A sampler: Utility provider and nuclear-plant operator Xcel Energy will be “sponsoring” the Republican and Democratic conventions to the tune of $1 million apiece; oil giant ConocoPhillips will spend $375,000 to woo Democrats in Denver; Koch Industries, a sprawling conglomerate with petroleum, energy, and chemical interests, will spend $250,000 to win over Republicans in St Paul.

New lobbying laws were supposed to have put an end to this sort of thing; unfortunately, the rules are riddled with loopholes. Lobbyists are barred from hosting parties in honor of a single lawmaker, so instead they’re doubling up and throwing bashes for two or more members of Congress at a time. Some hosts ask for voluntary contributions before wheeling out the DJs in order to get around rules prohibiting free entertainment; others are ducking rules barring anything but finger food with new feats of culinary creativity, sticking toothpicks in hamburgers to transform them into “sliders” or serving colossal canapes on specially designed super-sized spoons.

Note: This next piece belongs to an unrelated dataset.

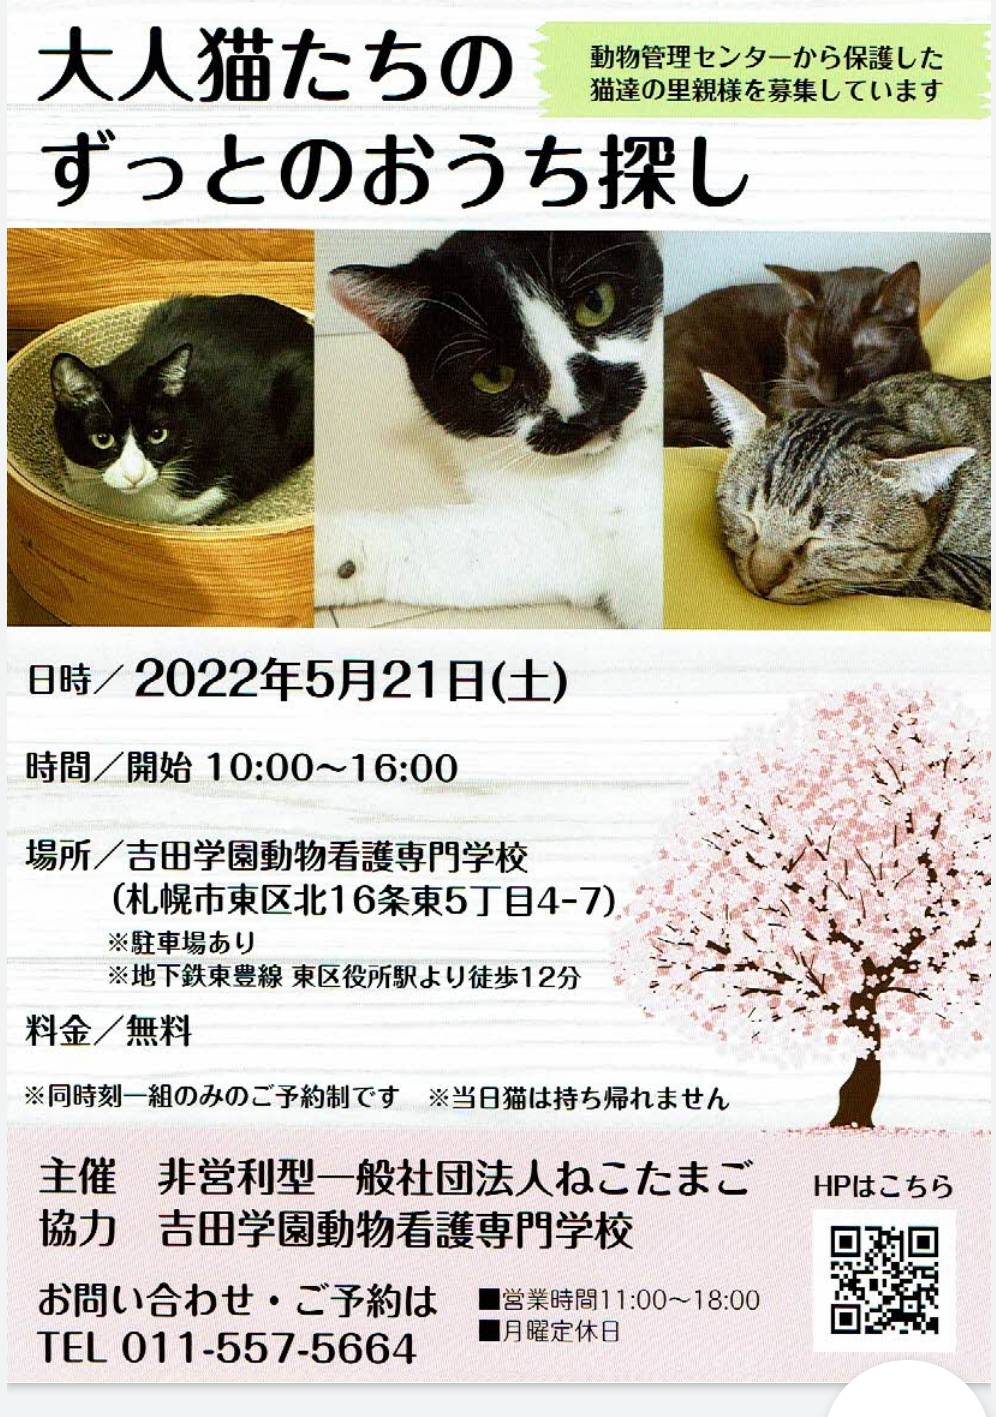 開催終了 保護猫譲渡会 札幌イベント情報マガジン サツイベ Event Id
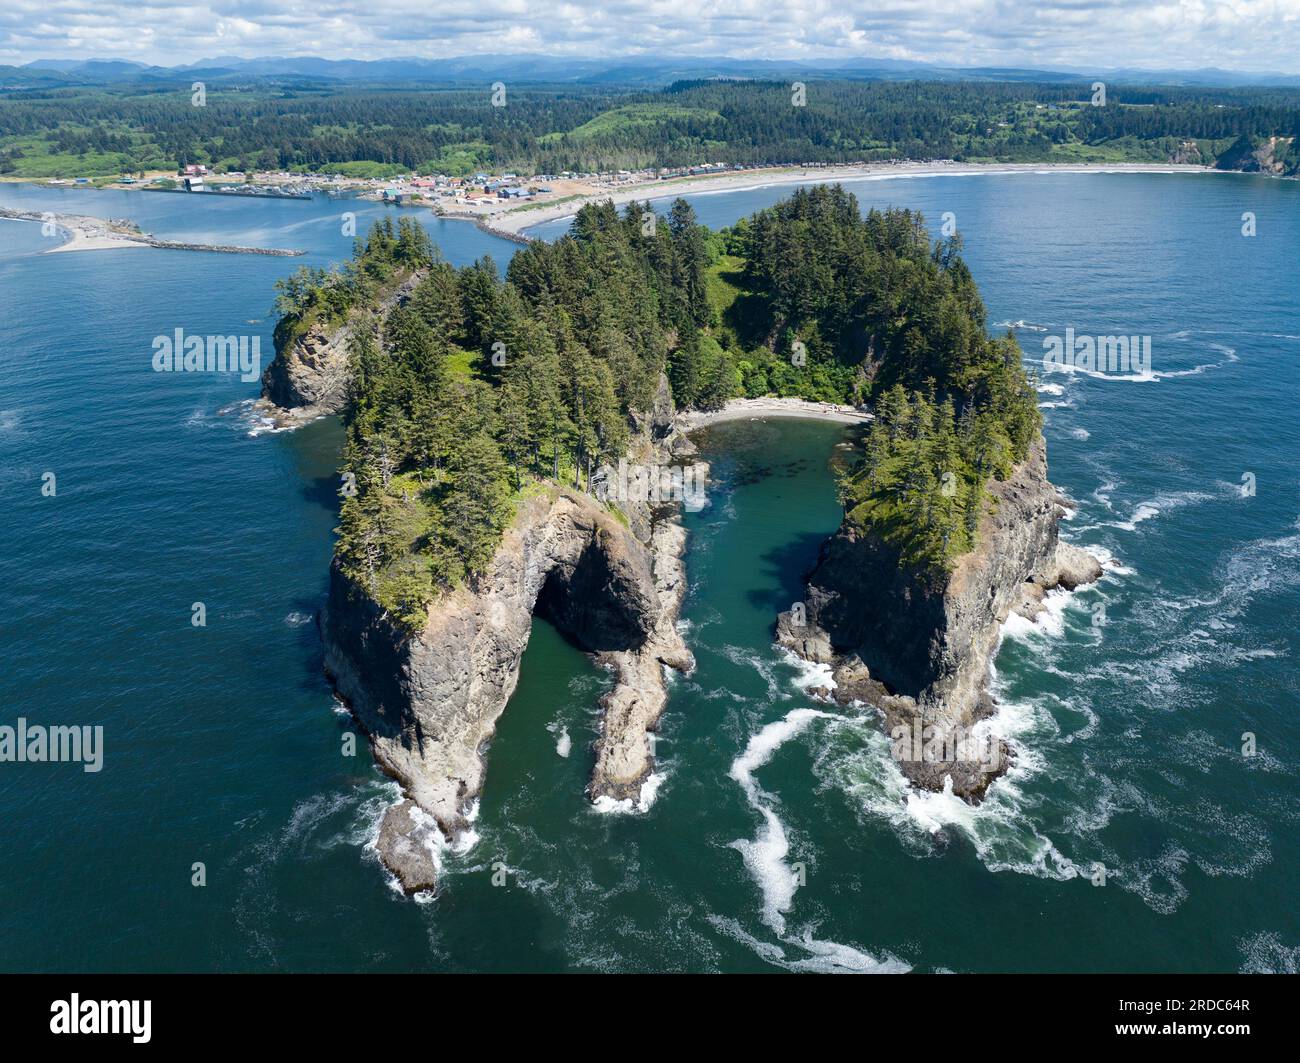 Le rocce marine si trovano a ridosso della scenografica Rialto Beach nell'Olympic National Park, Washington. Questa zona si trova alla foce del fiume Quillayute. Foto Stock

Other groups are sidestepping ethics rules altogether. Instead of hosting parties, the American Coalition for Clean Coal Electricity has spent $2 million buying up advertising space all over Denver to promote the virtues of “clean coal”. The group, loathed by many environmentalists, is also flooding the area around the convention center with “experiential advertising," putting people on street corners to buttonhole convention attendees and hand out maps of Denver along with literature touting the benefits of coal.

The bottom line is that the only people who can really clean up the conventions are the parties themselves. Unfortunately, there’s little sign of that happening. Until a media uproar shamed them into changing tack, the GOP was happily auctioning off rounds of golf with party leaders for $2.5 million a pop. Barack Obama, meanwhile, says he was nominated too late to clean up this year’s convention, although he’s promised to do better if he finds himself running for reelection four years from now.

This year, though, greens simply don’t have the greenbacks to compete with the Olympic-class schmoozing on display at the conventions. And inevitably, once lawmakers head back to Washington, they’ll be far more likely to give their time and attention to those generous, fun-to-know industrial lobbyists than to the broke but well-meaning environmental campaigners hanging around outside the convention hall.